Apple Pay – la risposta che stavamo aspettando?

Visto che l’attore protagonista è lo smartphone, non potevano mancare i colossi hi-tech che lo hanno, per così dire, “inventato” e ne hanno decretato il successo: Google, Apple e, recentemente, Samsung sono scesi in campo, ognuno con la propria soluzione di mobile payment.

Quella che personalmente considero più promettente e degna di nota è Apple Pay, il sistema di pagamento mobile del gigante di Cupertino, presentato nel 2014 e attivo in diversi paesi del mondo (ma non ancora in Italia)[1] che fa della semplicità d’uso e della sicurezza i suoi punti di forza; Apple Pay si inserisce nei servizi di mobile proximity payment, ma con l’impronta digitale si può anche comprare online, senza dover digitare password o numeri di carta e quest’anno potrebbe introdurre i pagamenti P2P. (Rusconi, 2015)

In tema di usabilità, diverse soluzioni proposte dagli operatori telefonici in materia di mobile payment costringono l’utente a cambiare la SIM con una compatibile con i servizi di pagamento, scaricare l’App dedicata, inserire dati, numeri di carta, cercare un esercente che aderisca al servizio e poi (forse) sarà in grado di pagare tramite il suo smartphone. E se si cambia gestore o servizio, bisogna ripetere la trafila.

Con Apple Pay non servono cambi di SIM e niente necessità di utilizzare app dedicate, perché l’operazione di pagamento è stata integrata nel sistema operativo, di cui risulta una naturale estensione. Per pagare, basta avvicinare l’iPhone al POS del negoziante e poggiare il dito nel lettore di impronte digitali; una vibrazione ci avvisa dell’avvenuto pagamento, senza nemmeno dover guardare il display dello smartphone.

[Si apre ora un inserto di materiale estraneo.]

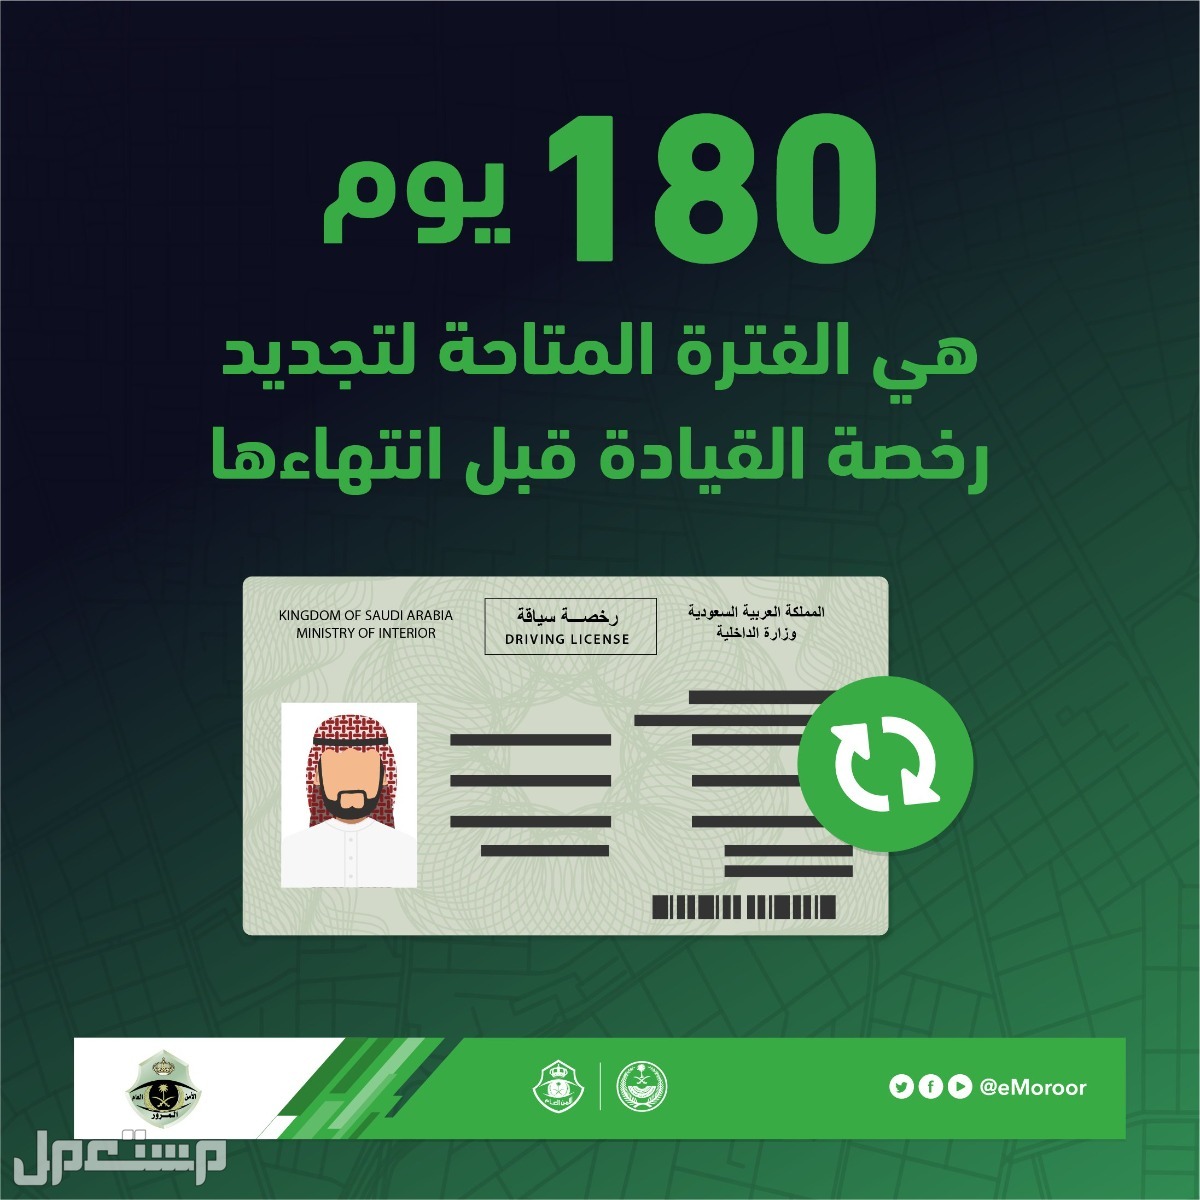 هل يمكن تجديد رخصة القيادة بدون فحص النظر؟ "المرور" يوضح في الإمارات العربية المتحدة

Un altro problema ravvisato dagli utenti nei pagamenti mobile è la sicurezza delle transazioni; molti non si fidano infatti di utilizzare uno smartphone per pagare: cosa succede ai dati importanti, come i numeri delle carte di credito, se questo venisse rubato? Apple Pay fa largo uso di crittografia e non utilizza mai i veri dati dell’utente. Sull’iPhone la carta viene associata ad un codice (il Device Account Number) assegnato dal servizio, unico per ogni utente e memorizzato in maniera sicura su un chip speciale del cellulare (il Secure Element). Al momento del pagamento, è il Device Account Number che viene scambiato con il POS insieme con ulteriore codice di sicurezza dinamico, specifico per quella transazione[2]  e convalidato dai valori biometrici acquisiti dal lettore di impronte digitali integrato nel telefono. Apple, poi, non ospita i dati sui propri server, a differenza di Google Wallet che usa il cloud.  (Longo, 2014)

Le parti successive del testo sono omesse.